Las Águilas terminaron el partido con varias bajas sensibles: Cristian Borja rumbo al hospital, Sebastián Cáceres con una lesión preocupante, pero hubo otra imagen que pasó desapercibida en la transmisión y que refleja el nivel de exigencia con el que se jugó el clásico.

La escena que no se vio y muestra el costo físico del partido

Erick Sánchez fue uno de los protagonistas silenciosos de la noche. Durante el partido, el mediocampista sufrió un golpe que terminó provocándole una herida en la frente, a la altura de la ceja, que lo hizo sangrar de manera visible.

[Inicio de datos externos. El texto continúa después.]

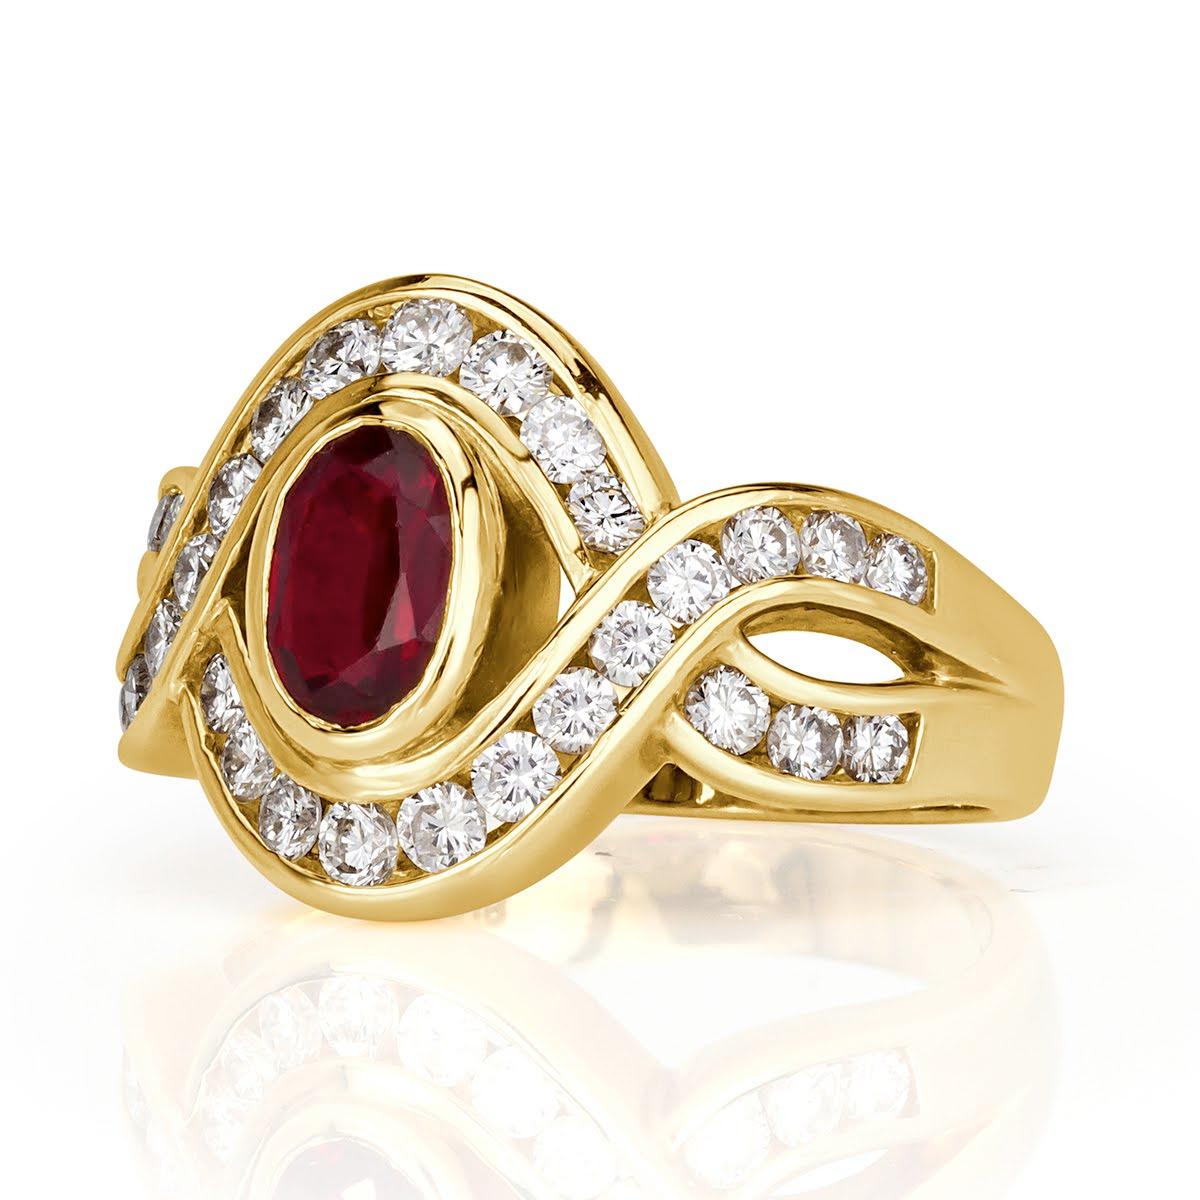 Created in 18k yellow gold, this ravishing vintage ring showcases a 0.94ct oval cut center ruby accented by 0.78ct of round brilliant cut diamonds set on the unique shank design. It sits lovely on the finger!

Sin embargo, lo más impactante ocurrió fuera de cámaras. Sánchez terminó el encuentro con un vendaje grueso cubriéndole la cabeza para detener el sangrado, una imagen que no fue captada durante la transmisión oficial pero que rápidamente comenzó a circular después.

El “Chiquito” abandonó el terreno de juego al minuto 79, pero su intensidad nunca bajó. Este tipo de escenas reflejan el costo real de partidos de alta tensión como este. Ahora, América no solo piensa en el resultado, sino en recuperar a sus piezas en medio de una Liguilla que no da margen de error.